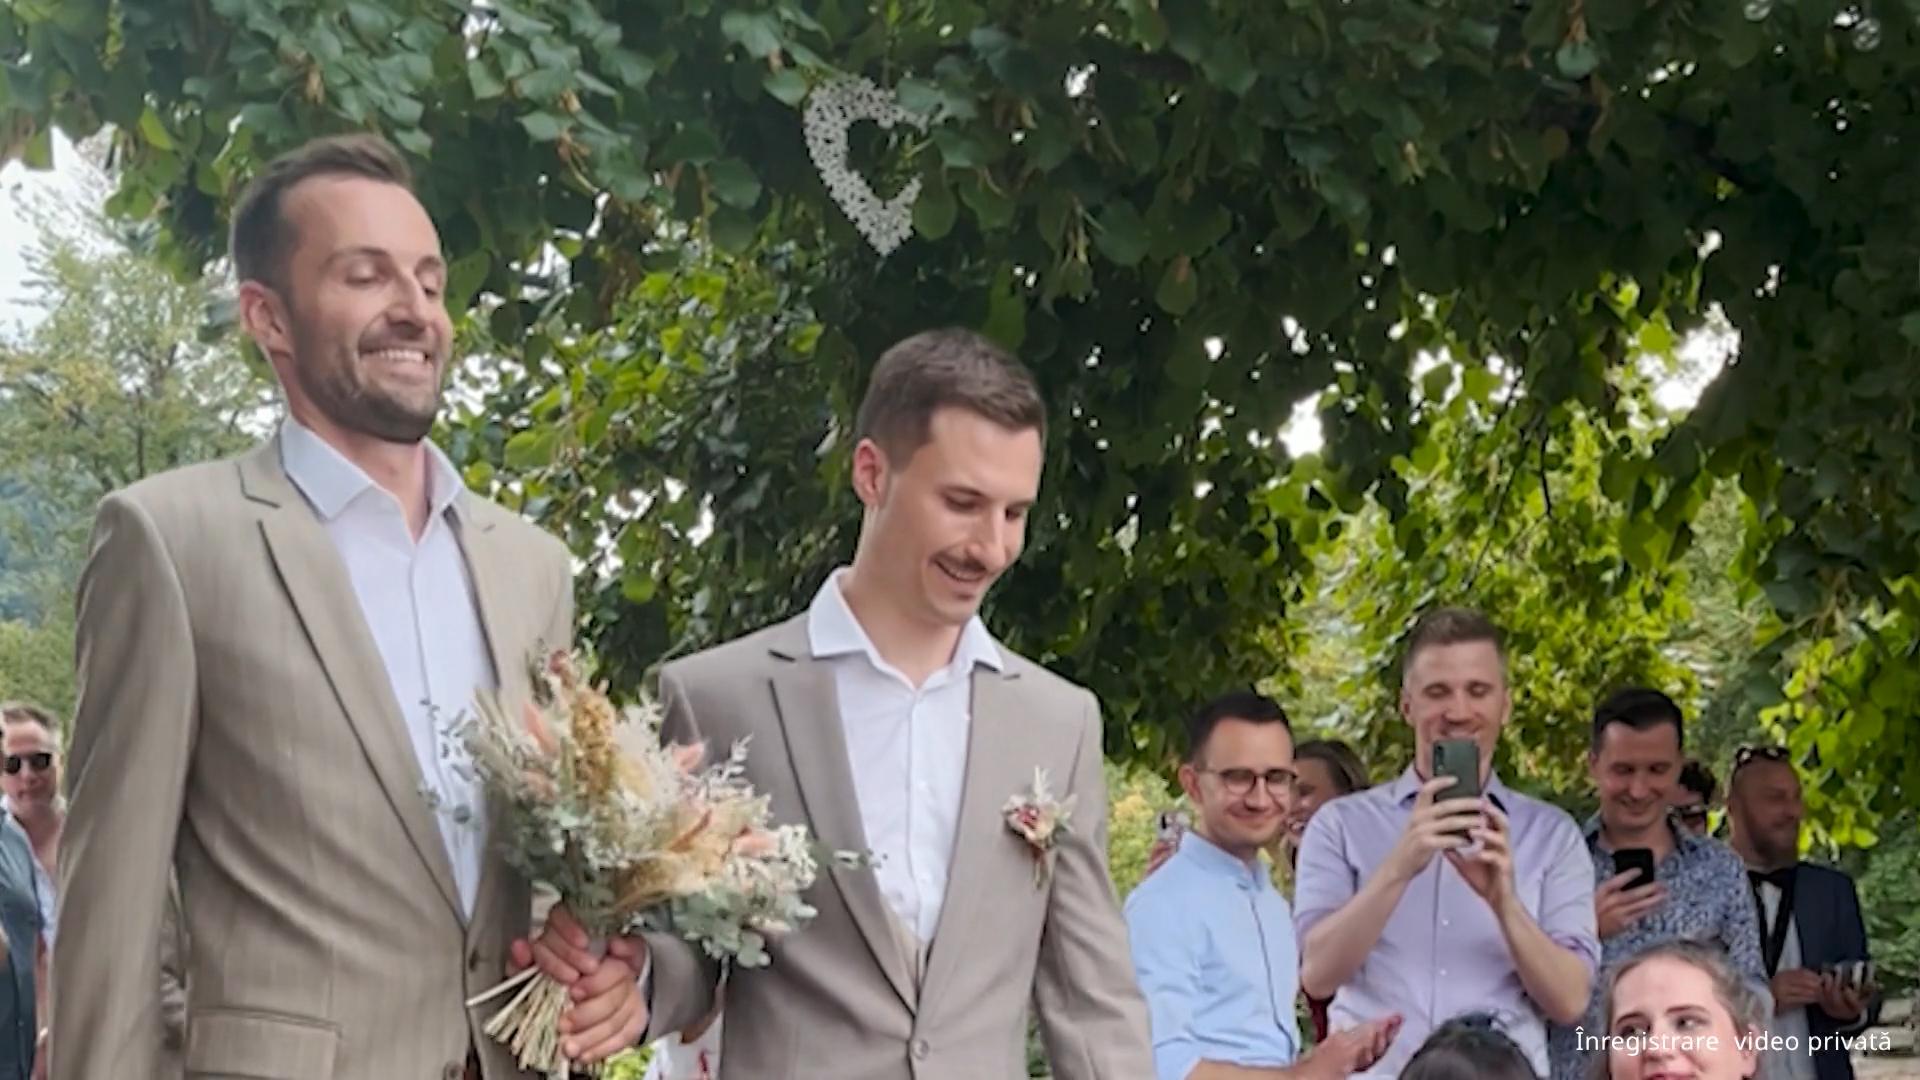 Slovenia - căsătoria pentru persoane de același sex
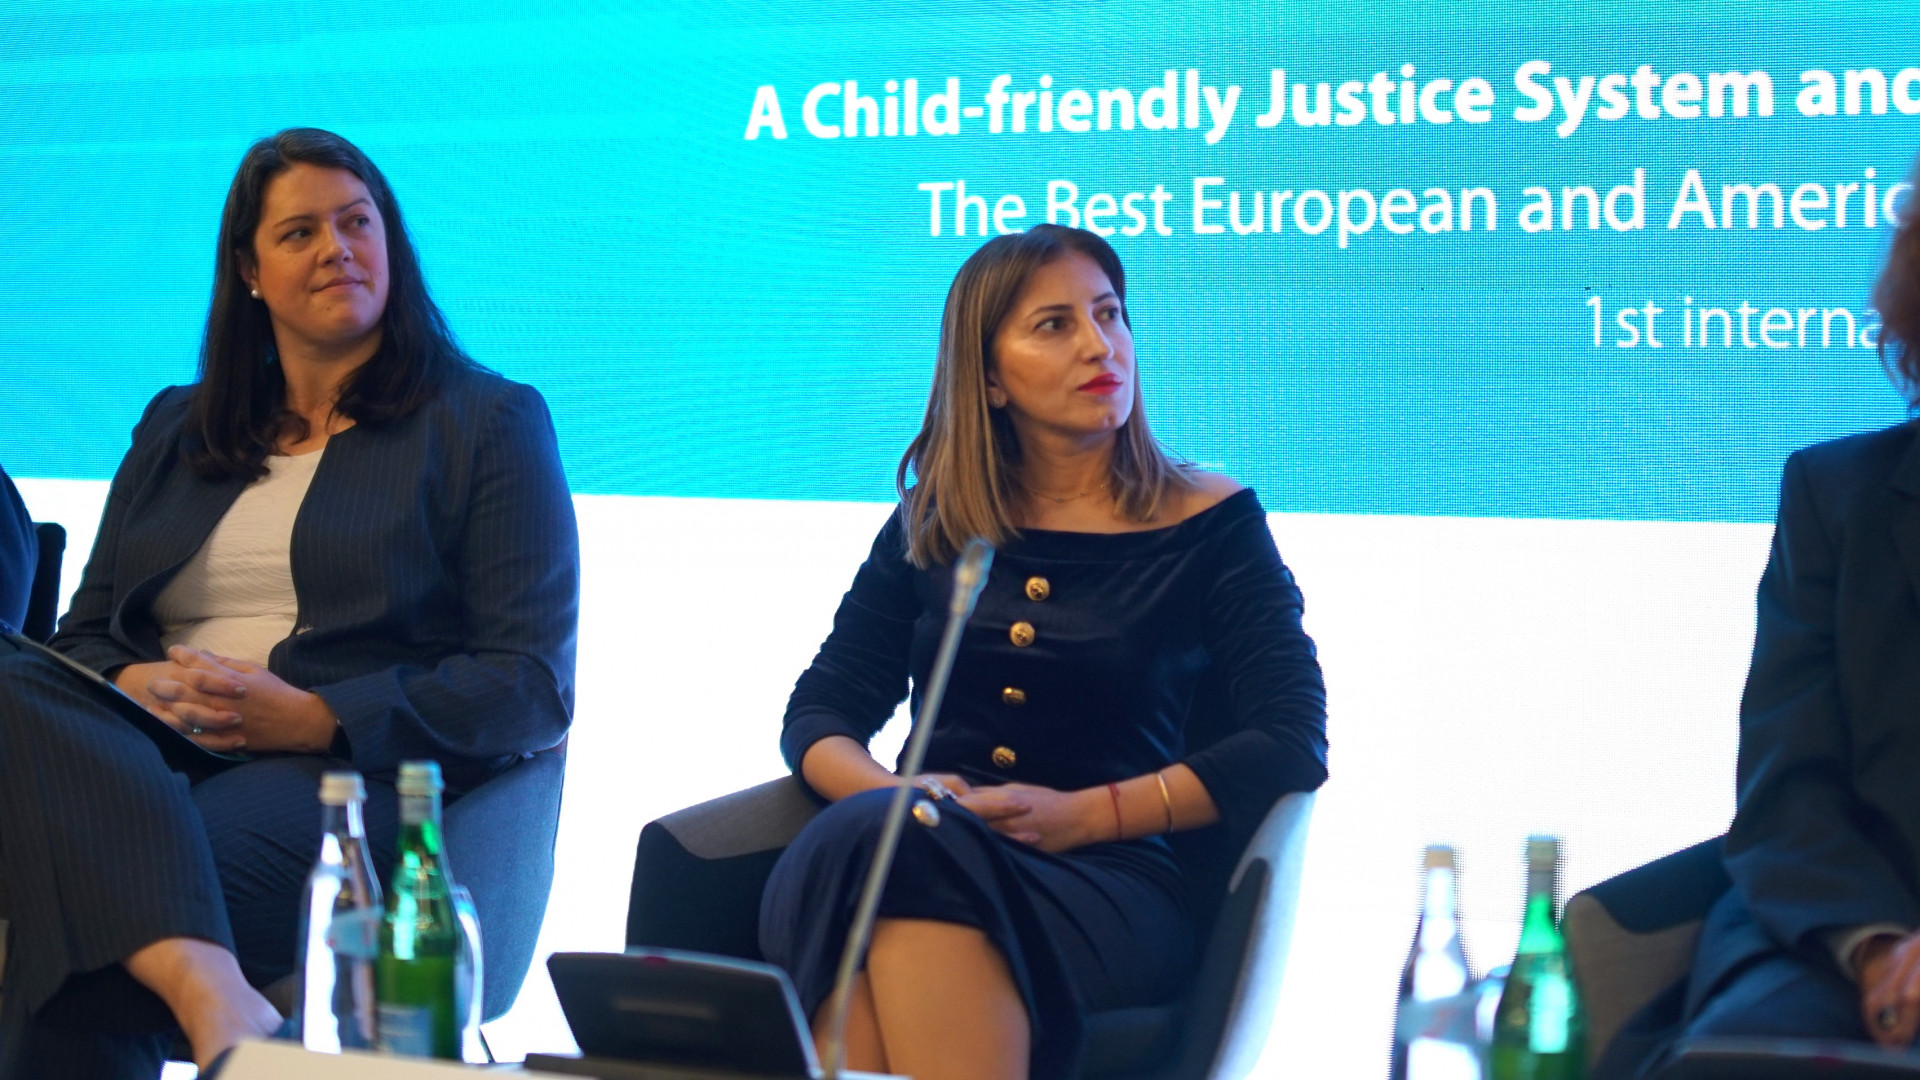 პირველი საერთაშორისო კონფერენცია -„ბავშვზე მორგებული მართლმსაჯულების სისტემა და ბავშვის უფლებები - საუკეთესო ევროპული და ამერიკული გამოცდილება“
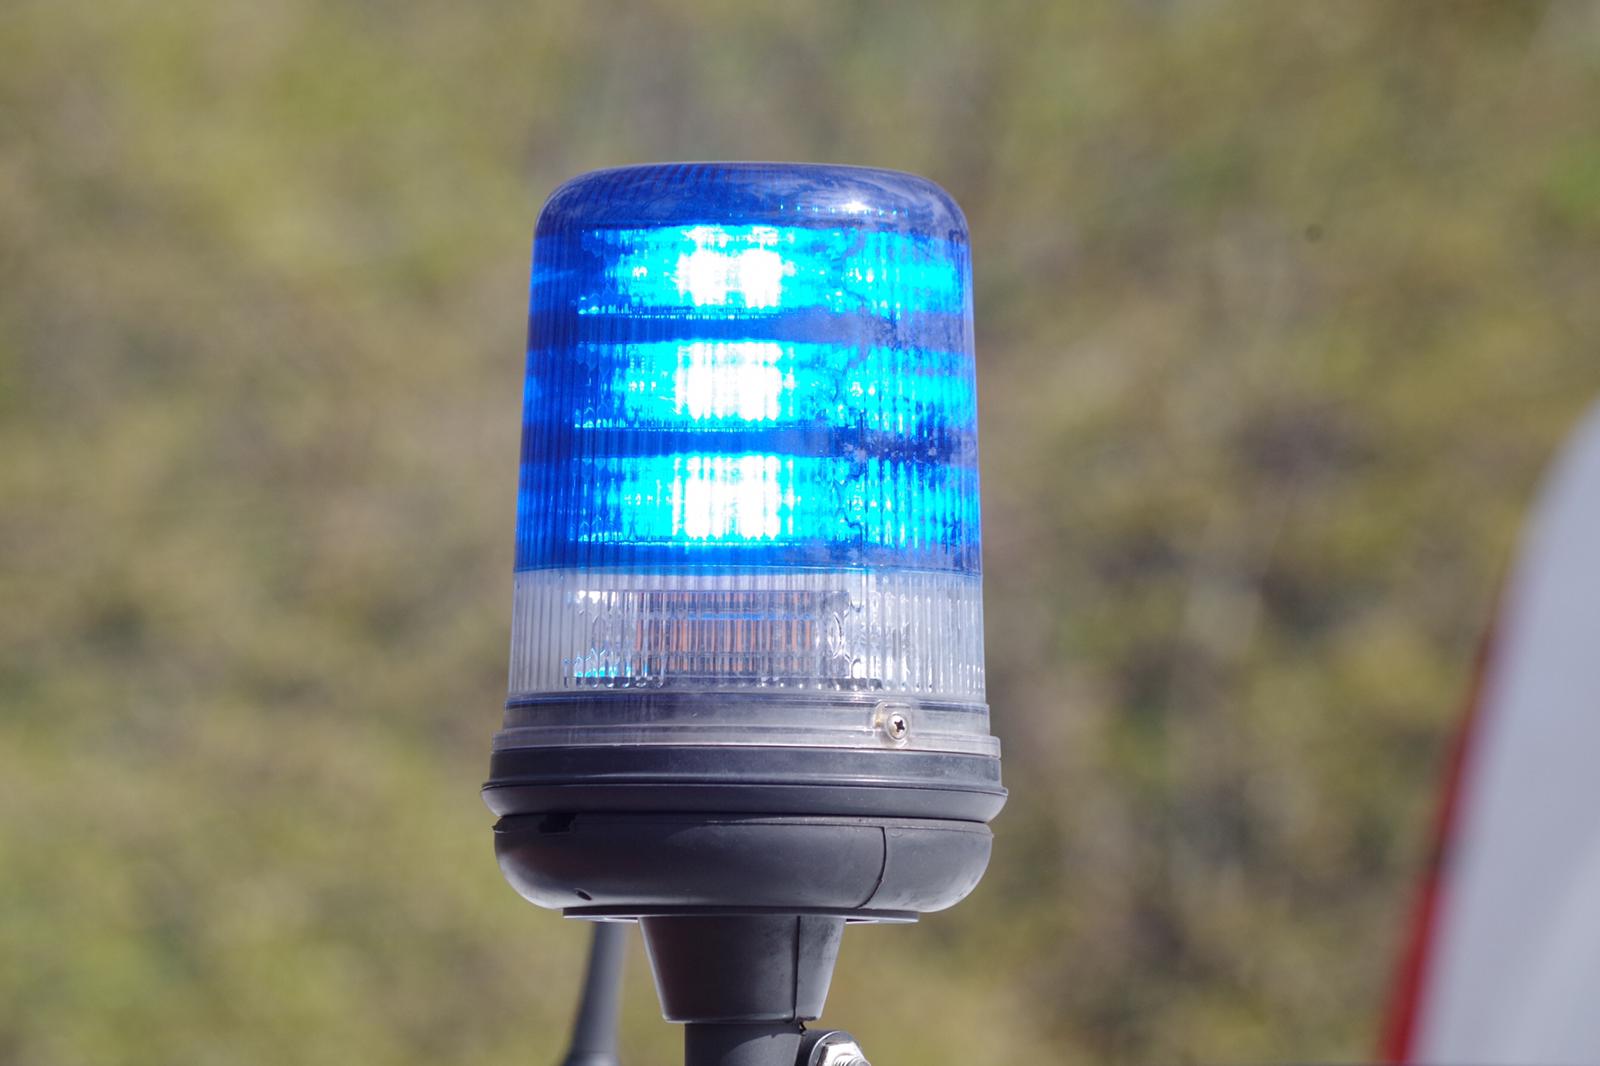 Roosendaal - Vuurwerkbom tegen woning, politie zoekt getuigen

> WORK ITEM
Write out exactly the opening lines of the data, stopping after the line that holds "პირველი საერთაშორისო კონფერენცია". Exclude pictures.

> OUTPUT BELOW
 Slovenia - căsătoria pentru persoane de același sex
 პირველი საერთაშორისო კონფერენცია -„ბავშვზე მორგებული მართლმსაჯულების სისტემა და ბავშვის უფლებები - საუკეთესო ევროპული და ამერიკული გამოცდილება“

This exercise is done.